If you want to be a CEO, you got to have CEO problems and all these were CEO problems. So to be the person that owned the business, I had to go through those troubles. so even though I didn't own the business yet, I had to deal with the problems of getting it to the close. And at times it was great when I got to go to Valorant and be like, I know you didn't expect to spend $30,000 right now, but


I got to run a check for $30,000. Like it's a hard conversation to have when you're not expecting to spend that. But you got money back in closing. So it wasn't 76 cents. It was $107. Yeah. I did. Yeah. I said that to you because at closing of the sixplex, I got a decent check back. And so I sit down as a joke. Yeah. That's funny. Well, so I mean, obviously


praying for your success and that all goes well. ⁓ I know it's going to be a big learning experience. Is there any other anxieties or something that you want to share that you're glad you saw it through? I'll say this. think people, I've seen in real estate business, people think finding a deal is the hard part, but that's really just the beginning. Finding a deal and standing through the due diligence.

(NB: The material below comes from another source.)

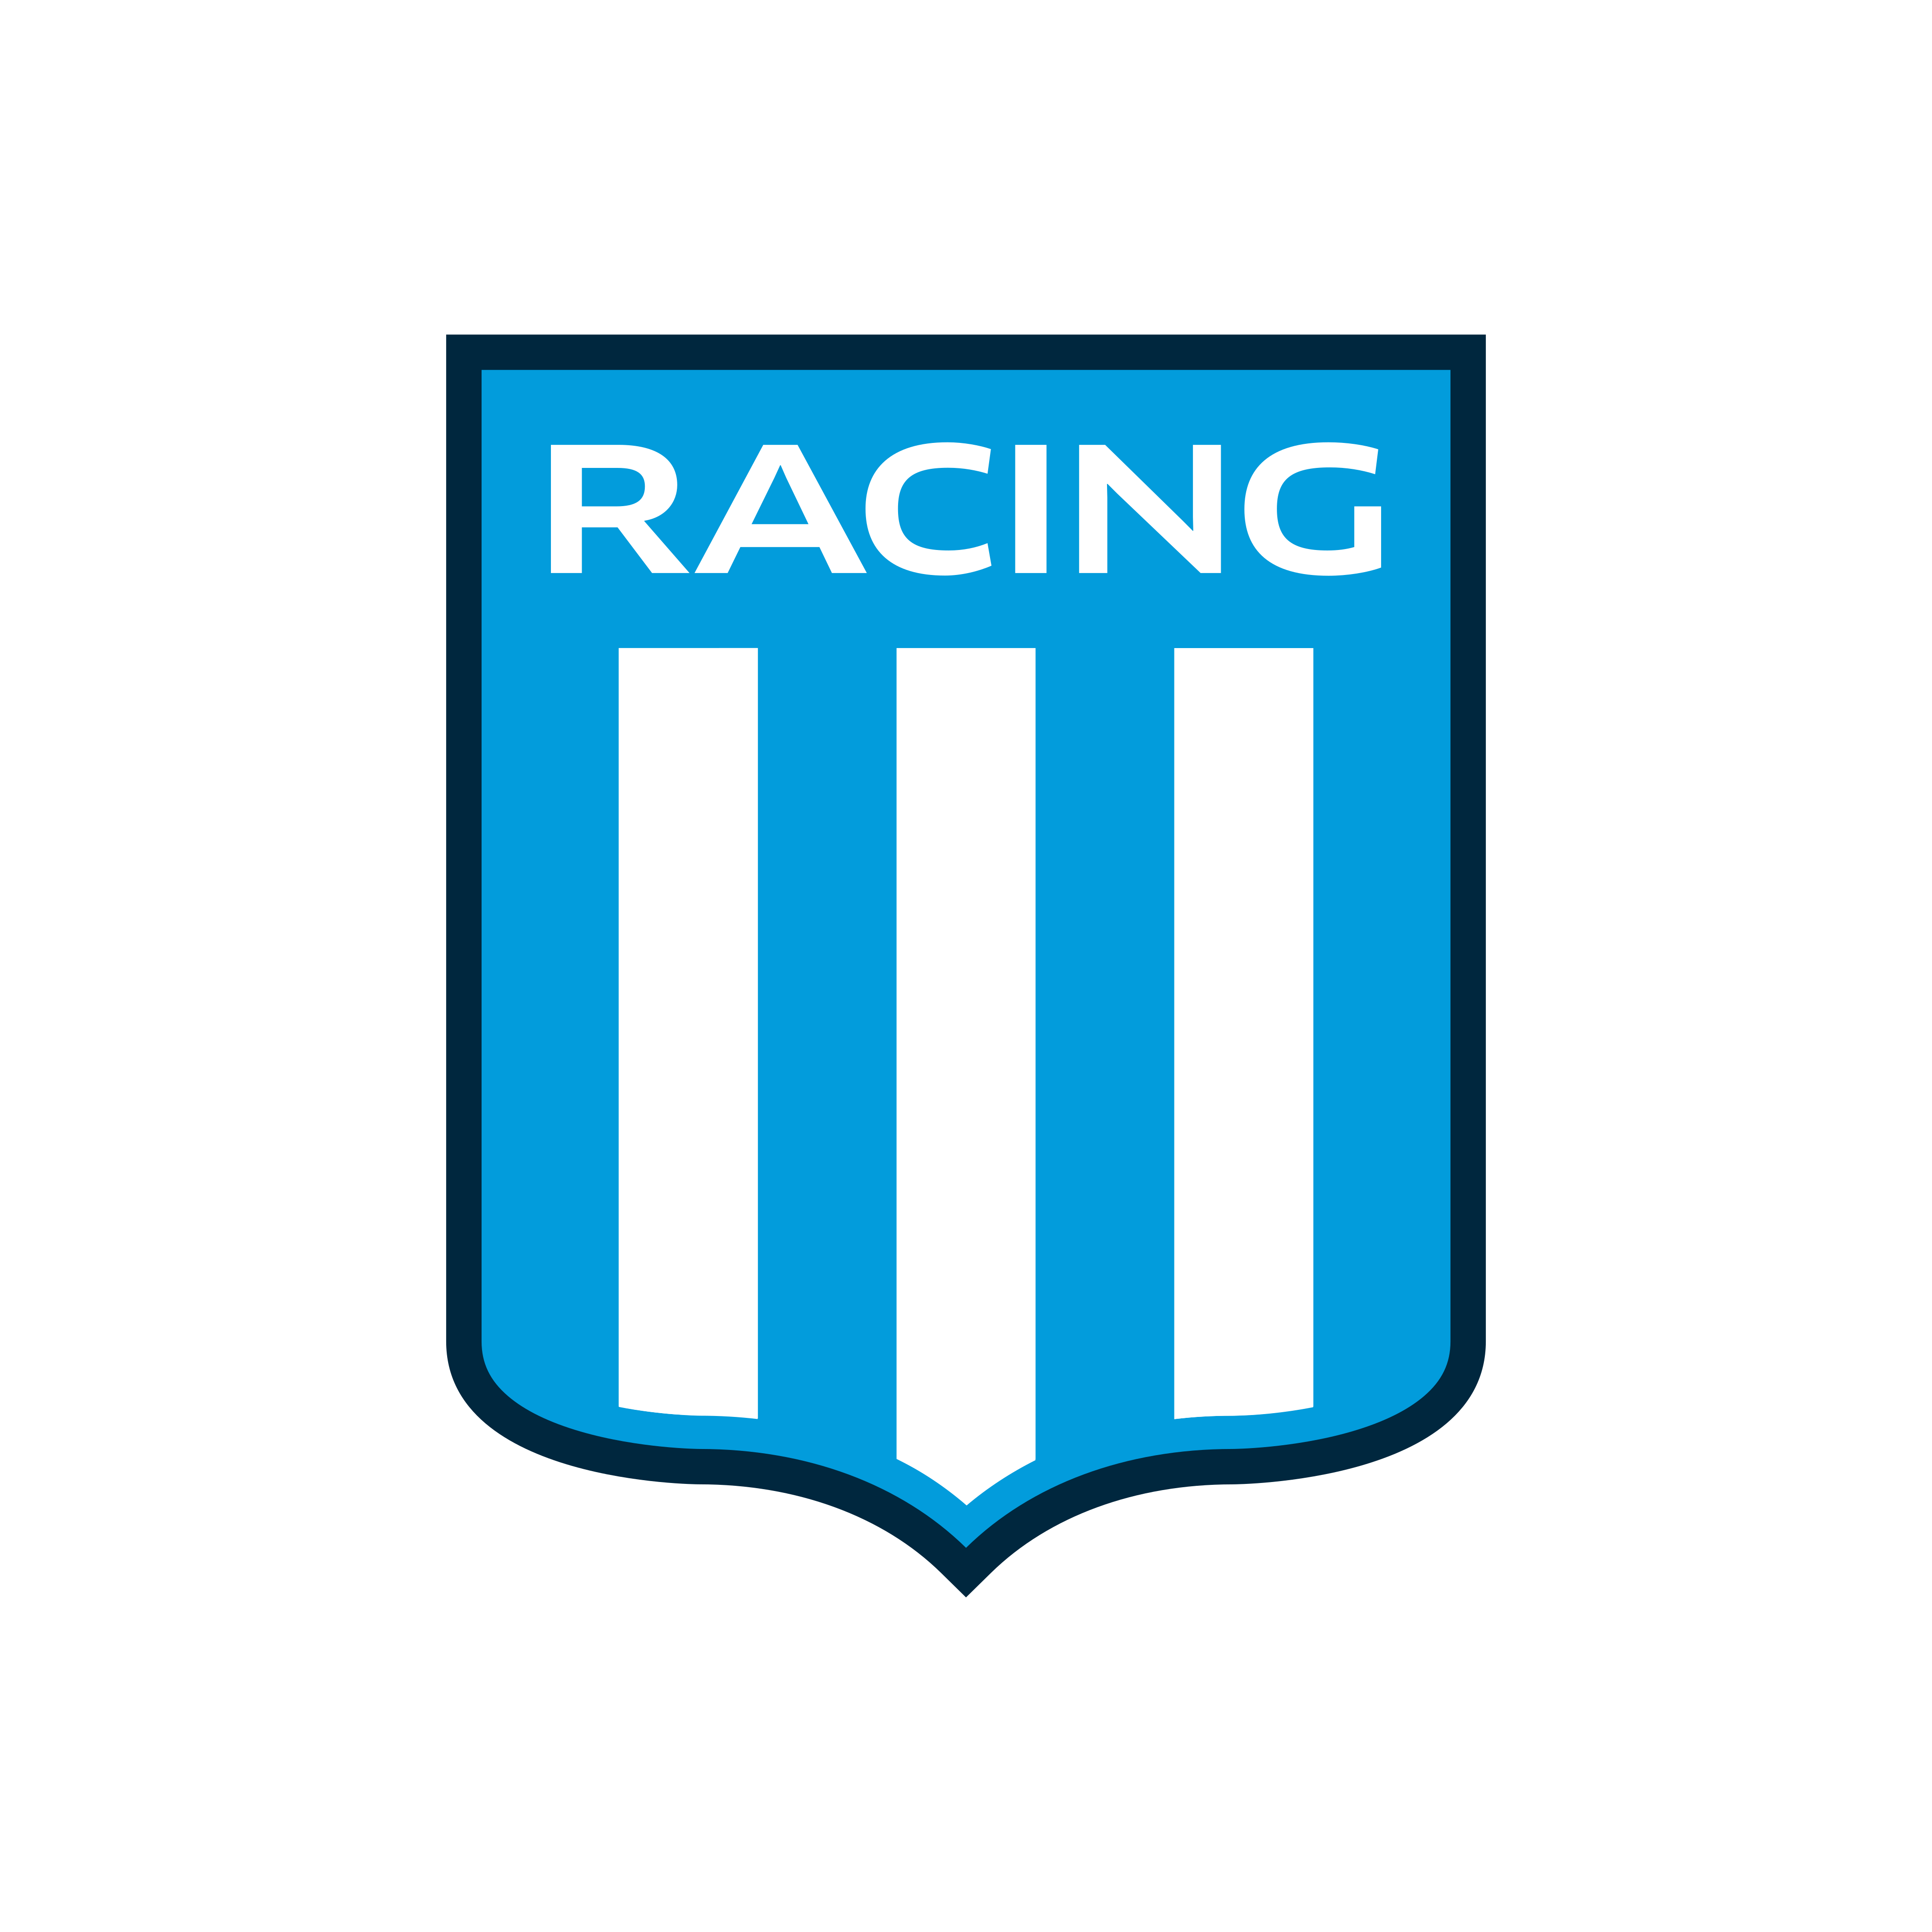 racing logo escudo 0 1 - Racing Logo - Racing Club de Avellaneda Escudo

get it to close. That's really step one.


There's probably 20 things in the first two weeks that I would be easier than it was. You know, implementing software. like, it's software. A lot harder than like, just switch flipping a Yeah. So like they were using QuickBooks desktop and I went to QuickBooks online because I wanted to be able to manage it more fluidly. I pulled over some data from like 2012, the same, like we owe this company a hundred dollars and this other company, like, like nothing pulled over perfectly.


And we're like, so where's this coming from? So now I got to get in there and manage all that. And that's a little stupid stuff. Getting the chart of accounts. Like I want more fidelity on where the money's coming in and going out. So getting all that, um, know, balance sheet, stuff like that. So all these little things that you don't think about, you're like, Oh, it'll be easy. It'll be easy. It's never easy. That's worth it. That's what they say. All right.


Well, keep rolling with the punches and keep fighting. Yeah. Hopefully it works out.